Guess it means people who already have 2way sli will now have to upgrade to the next tier up, instead of going 3way, so Nvidia will sell more higher end cards.
 
Diminishing returns on the investment probably - Plenty of hours go in to making the drivers work for (just a guess) probably .01% of the particular cards buyers.

Of course this doesn't bode well for anyone with unusual or different setups. Still it's not surprising considering they can't get multiple monitors to work in surround if there are any differences in sync polarity and resolution.

They may also be looking at other ways of running them as well. I recall there was talk of not needing a bridge for upcoming releases? I think it might have been for AMD.
 
Diminishing returns on the investment probably - Plenty of hours go in to making the drivers work for (just a guess) probably .01% of the particular cards buyers.

Of course this doesn't bode well for anyone with unusual or different setups. Still it's not surprising considering they can't get multiple monitors to work in surround if there are any differences in sync polarity and resolution.

They may also be looking at other ways of running them as well. I recall there was talk of not needing a bridge for upcoming releases? I think it might have been for AMD.

AMD got rid of bridges when the 290X came out :)
 
One thing we need to consider is what is the future of SLI.

With Nvidia announcing a new SLI bridge they certainly have a plan moving forward with SLI, we just don't know it yet. Anyone that knows is NDA'd up the wazoo.

Consider what the future of SLI will be in a future with DX12 and Vulkan Explicit Multiadapter. The way multi-GPU will work in the future is going to be different than today.
 
TBH the new SLI bridge promises double the bandwidth, and looking at the bridge it just looks like it uses the two normal SLI fingers for single card SLI.

Which would mean 18GB/s, because double's from the previous 9GB/s. AMD can use upto 32GB/s on the PCI bus, obviously after the GPU takes some it's probably somewhere around 25GB/s. And it will always rise because PCI will continue to get faster, Nvidia should just have followed suit. Seems like a better option.
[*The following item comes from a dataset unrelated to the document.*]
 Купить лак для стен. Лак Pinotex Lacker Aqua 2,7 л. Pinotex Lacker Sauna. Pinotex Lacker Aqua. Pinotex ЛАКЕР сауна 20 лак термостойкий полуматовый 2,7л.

If anything it'll just get it closer to 100% scaling, instead of the average 80-90% we see with the extra bandwidth. Which is where the performance gains come from that the EVGA guy was mentioning.
 
Seems like DirectX 12 and Vulcan multi-gpu support makes SLI a moot point. Anything moving forward, could possibly be supported in DX12/Vulcan for setups with 3 or more GPUs. I'd imagine there'd be less cost and a cleaner PCB if they did away with it altogether, how much and whether that would be passed on to the consumer is another story...
 
I would be more interested to know more about the use of the HB SLI bridges. It would make sense if the new SLI bridges allow more data transfer and possible memory sharing across the two cards. New API's have been said that it will allow memory independantly giving access to a shared memory pool rather than restricting multi card setups to the memory total of one card.

Speculation is all anything can be right now until further information is given.